It doesn't ultimately matter to the progress of nuclear, as unhindered by innumerate green lunatics in collusion with the fossil fuel industry and legislation and regulation purpose designed to hamstring nuclear China and South Korea can turn out plants for a third to a half the inflated costs in the west.
All across the world they will be built in great numbers, and the end effect of the eco loons will be simply to economically cripple their own countries, as well of course as to ensure that vast amounts of fossil fuel is emitted as the notion that renewables can do the job without is a lie.
Posted by: Davemart | 05 August 2014 at 12:23 PM
Existing nuclear power plants, with sunk costs, can be *very* inexpensive to run on a $/kWhr basis. I believe Diablo Canyon costs about $0.02/kWhr to run, including fuel and all operational costs.
Capital costs, even for today's over-engineered PWRs, could be much less with increased standardization and a little relief from the legal and regulatory headwinds. Future molten salt reactors, with their inherent passive safety features, have the potential to be much cheaper yet.
Spent fuel storage is a political issue--the quantity of it is actually quite trivial, and there are multiple workable solutions available for those who actually want to solve the problem.
Nuclear safety is on a par with hydro power, even accounting for Chernobyl and Fukushima. Anti-nuclear hysteria is a problem, however.
Expensive solutions to the problem of matching the sporadic supply of renewable power with the electric grid's need to respond to demand are just distractions. Generation is always going to be cheaper, and building cheap, green generation which can match demand is the requirement. The alternative is cheap, plentiful coal, which is what the world is actually building right now.
Posted by: Nick Lyons | 06 August 2014 at 08:39 AM
It's time to use the capability of hydrogen technology on a regular basis.
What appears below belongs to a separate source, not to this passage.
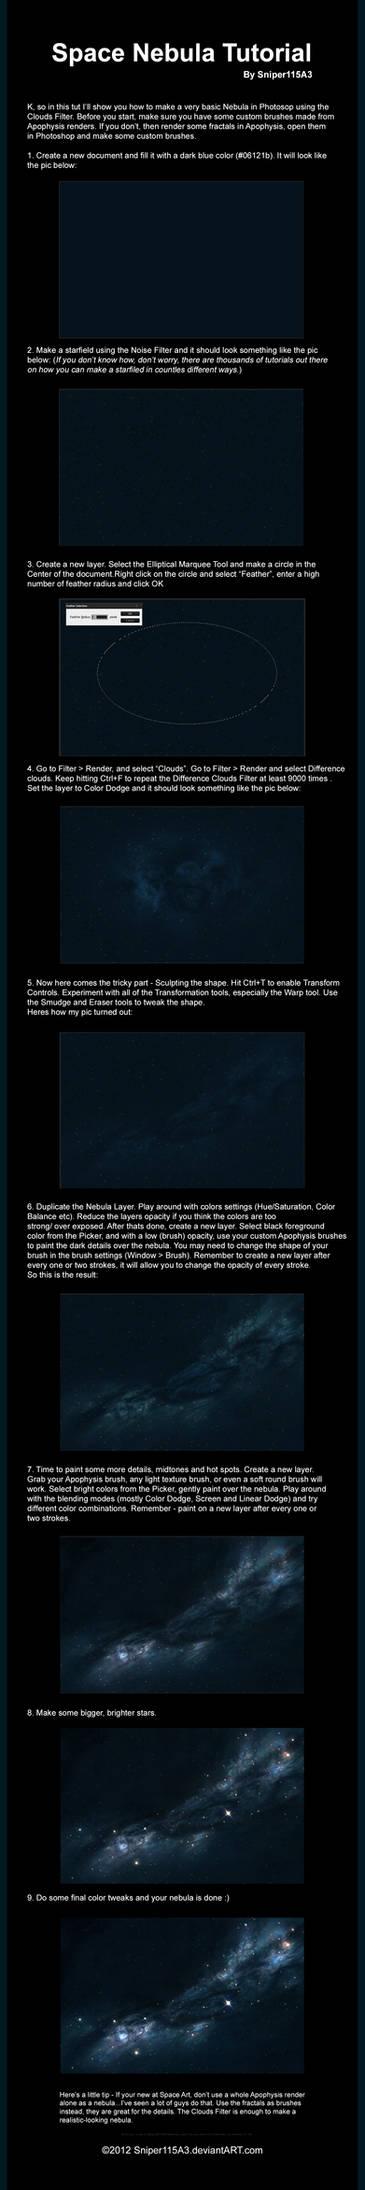 Space Nebula Tutorial by Sniper115A3

Posted by: gorr | 06 August 2014 at 09:04 AM
This is very toxic stuff.
H2 has an advantage of being environmentally benign.
Building an infrastructure to continuously move millions of tons of toluene around would be a dangerous game.
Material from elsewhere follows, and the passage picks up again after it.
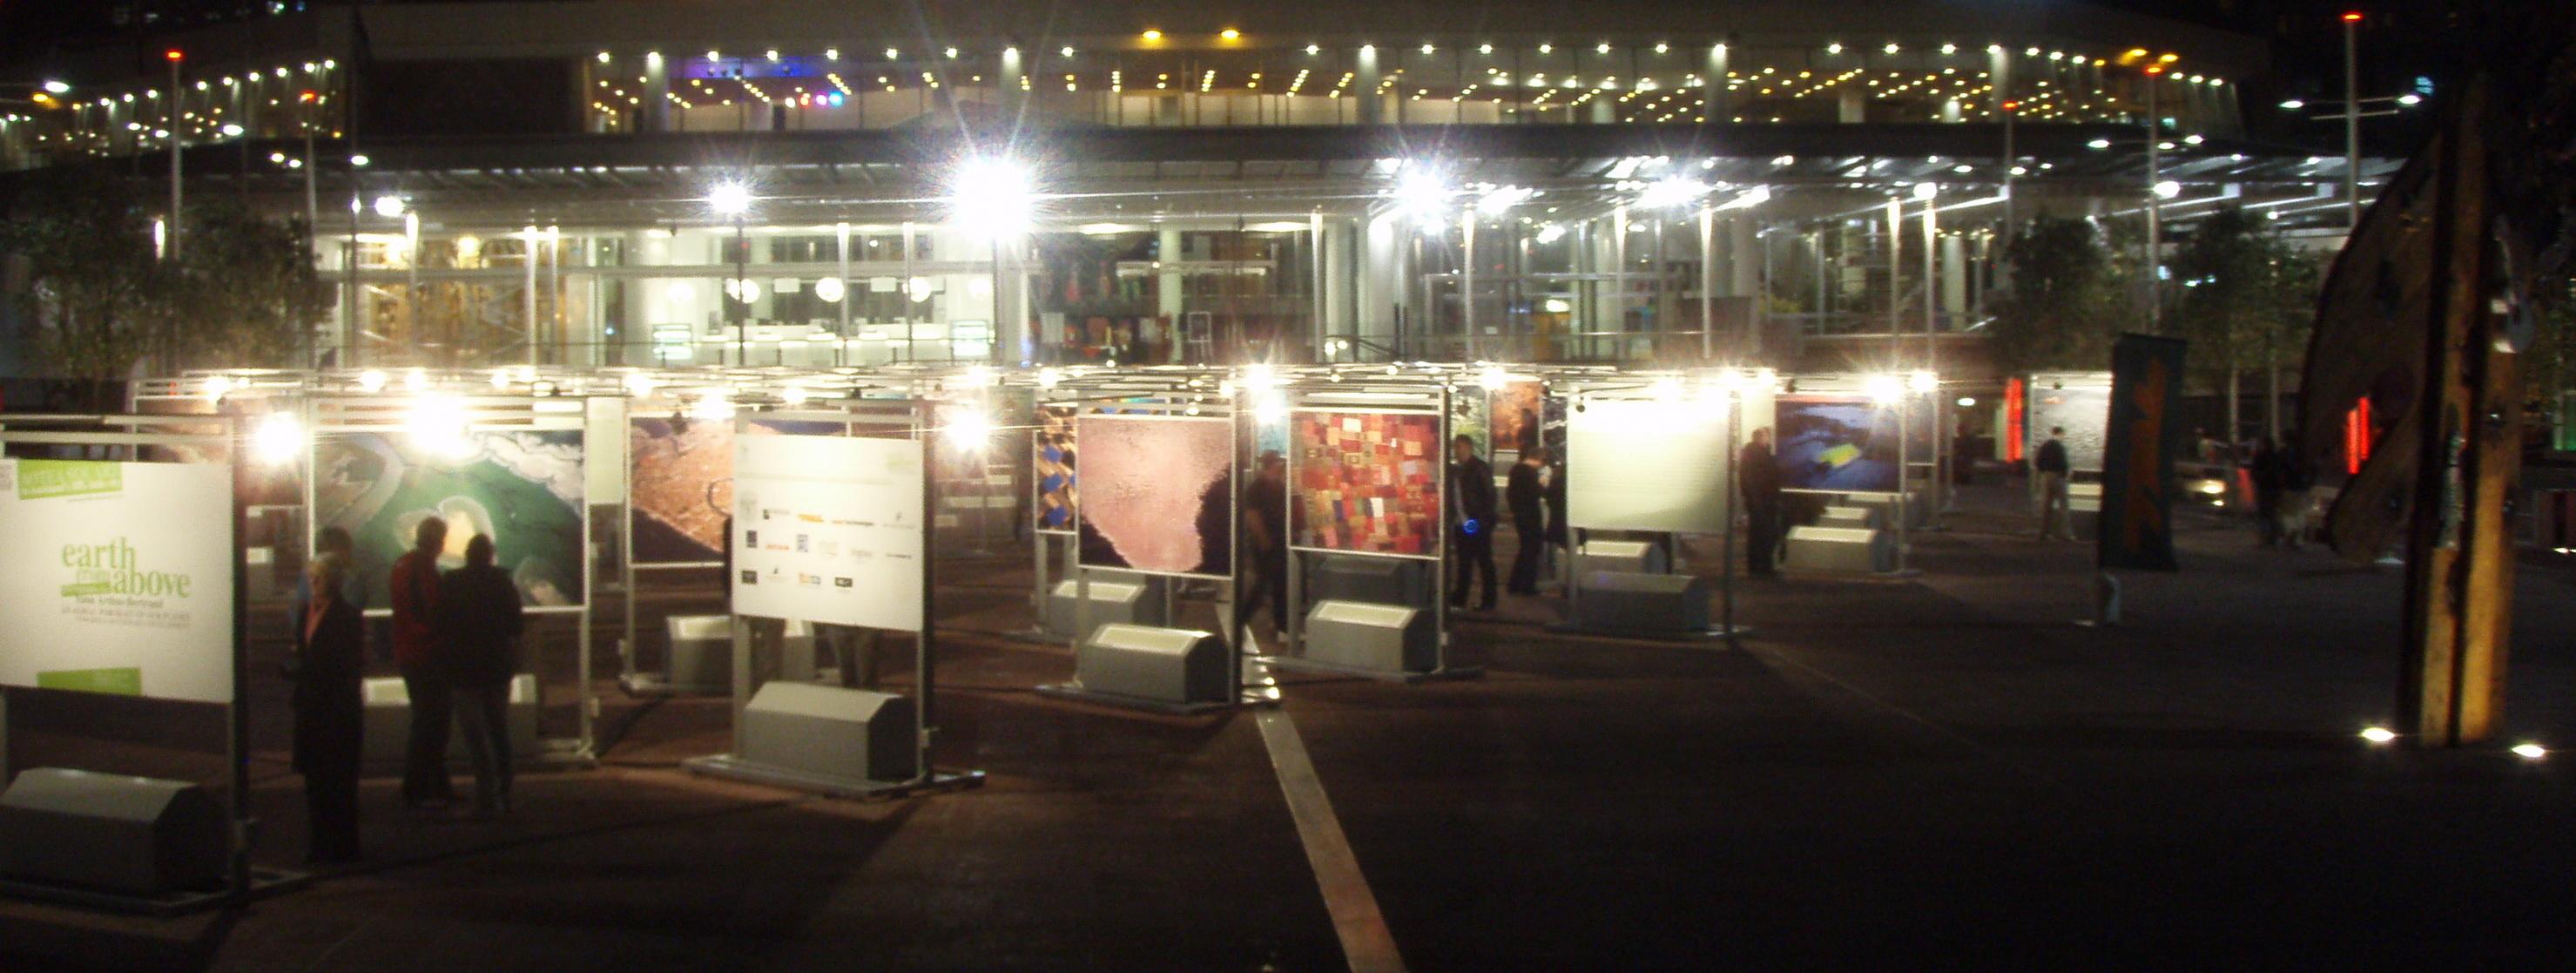 143_Exhibition.jpg

I much prefere strong containers with high-pressure H2. This is most probably also much safer in case of spills because it immediately escapes to the stratosphere instead of hanging around waiting for explosive ignition.
Posted by: Alain | 07 August 2014 at 02:38 AM
Most if not all nuclear power plant incidents and accidents were due to downgraded design and/or poor maintenance to reduce initial and operating cost.
Imagine what could happen if bean counters and pro - nuke people were allowed to set their own reduced regulations to increase their profits?
Posted by: HarveyD | 08 August 2014 at 03:27 PM
Even with the "inadequate" pre-TMI safety regulations, nuclear power was much safer than either coal or gas. A half-dozen TMI-level events would have caused zero fatalities, and would have been preferable to the deaths caused by air pollution, car-train collisions, pipeline explosions, and all the other hazards of fossil fuels.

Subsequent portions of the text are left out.